Cholera Toxin: Powerful Activator of Neural Stem Cell Proliferation
Recently we showed that cholera toxin is a potent activator of neural stem cell proliferation in culture [61]. Cholera toxin consists of two subunits. Subunit B (there are 5 B subunits) binds to GM1+ gangliosides which are concentrated in certain lipid rafts on the plasma membrane. As lipid rafts may internalize as a means of recycling plasma membrane and its components, cholera toxin is found membrane-bound inside the cell. There, the A subunit is released into the cytoplasm where is activates adenylate cyclase and elevates cAMP levels [82-85]. Cholera toxin has several functions in addition to adenylate cyclase activation, including the modulation of intracellular trafficking and activation of the Endoplasmic Reticulum associated degradation (ERAD) pathway [86]. We reported that treatment of neural stem cell cultures with cholera toxin induces the nuclear localization of Hes3 [61]. In addition, the treatment increases cell numbers by many times. In fact, cholera toxin can maintain cultured cells in the proliferative state for at least one week following the withdrawal of the mitogen bFGF, suggesting a powerful role in proliferation.
These findings provide a mechanism by which different cell types within the neurovascular niche mutually interact. Soluble and membrane-bound signals may also regulate the physical proximity of cells to each other. The multitude of receptors on the surface of neural stem cells render these cells malleable to signals from several nearby cell types including vascular endothelial cells, pericytes, neurons, and astrocytes. In addition, insulin receptors on these cells may allow the systemic circulation of the organism to affect their function and numbers, providing a direct means for the metabolic state of the organism to affect endogenous neural stem cells.
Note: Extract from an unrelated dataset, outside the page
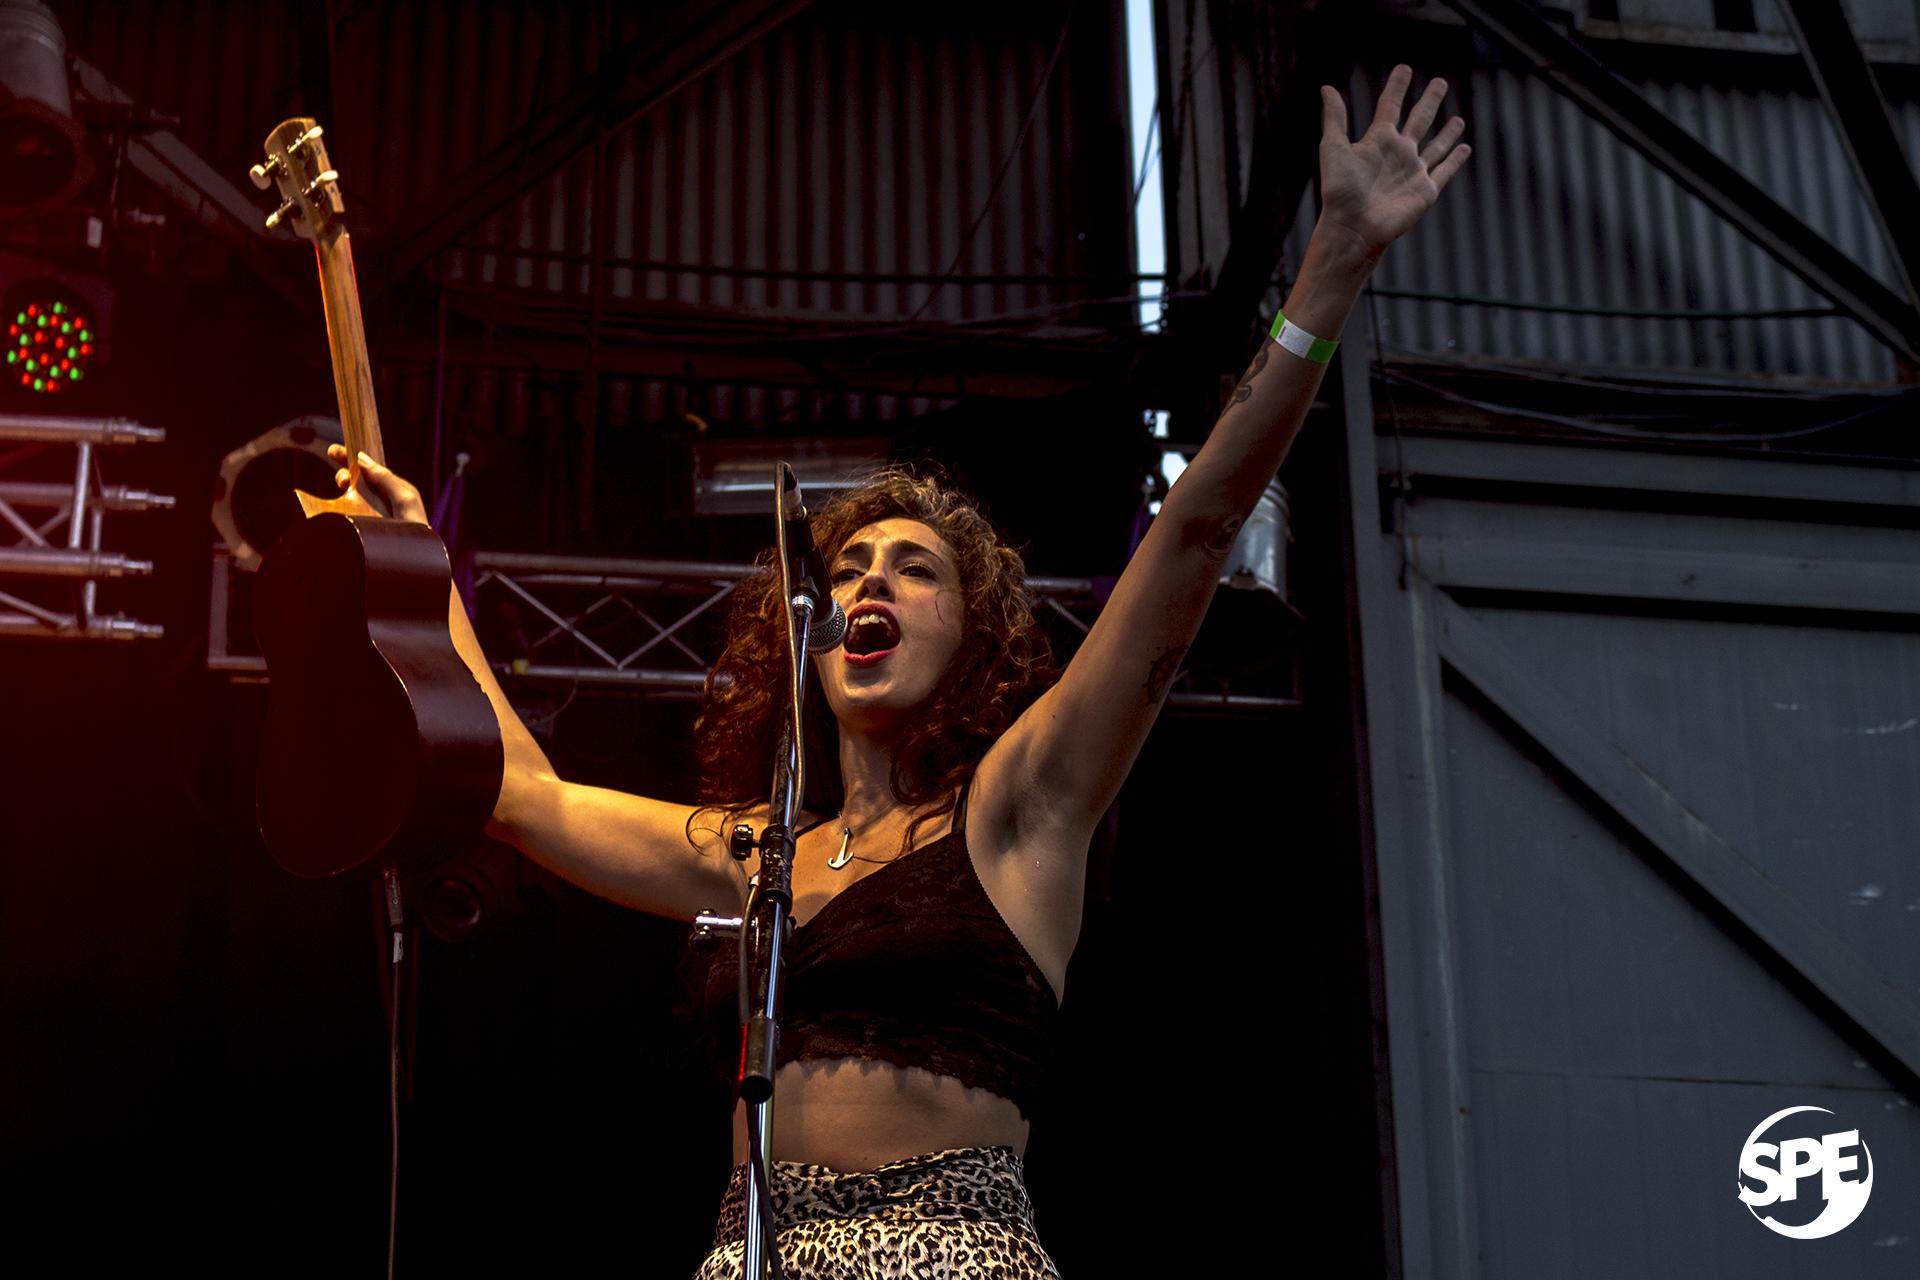 Las-Taradas-Festival-Buena-Vibra-Konex-15-04-18-Natalia-Vidal-Solo-Para-Entendidos_321.jpg
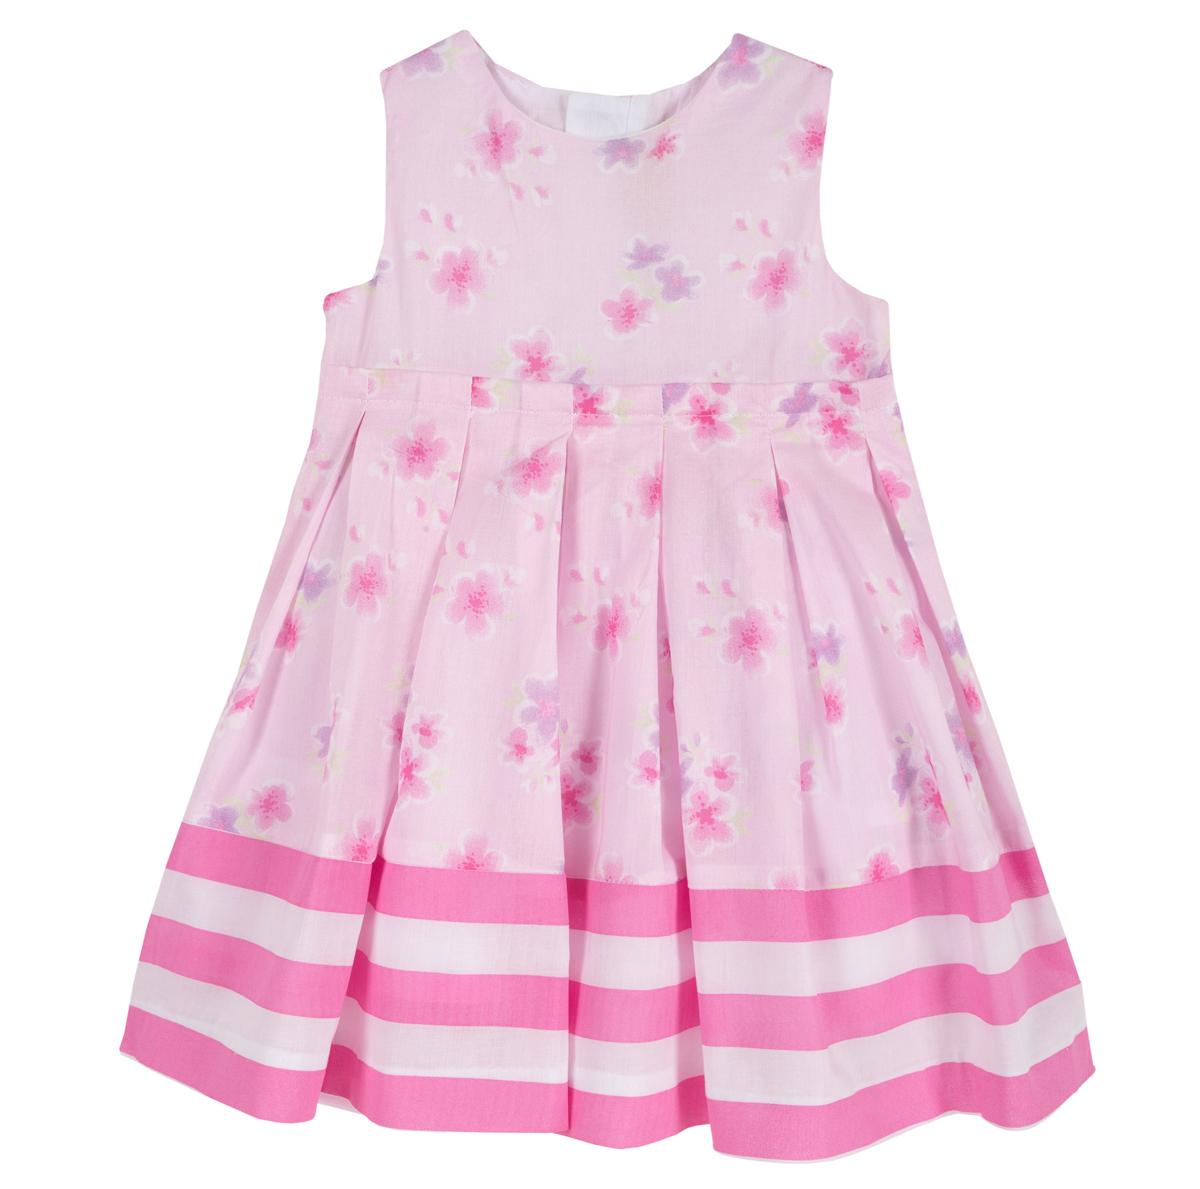 Rochita fara maneci Chicco, cu dublura, roz cu trandafiri, 03431 din categoria Rochii, Fuste

In this paper we address a specific feature of the neurovascular niche: Why the majority of endogenous neural stem cells are located in the subventricular zone lining the lateral ventricles of the adult brain. Specifically, we assess how the microenvironment in this area differs from the parenchyma of the brain (e.g., the striatum) and whether aspects of the neurovascular niche described above can help explain this phenomenon. We report that the ratio of Ang1/Ang2 expression differs significantly between the subventricular zone and areas away from the subventricular zone, suggesting a mechanism that explains the non uniform distribution of these cells in the adult central nervous system.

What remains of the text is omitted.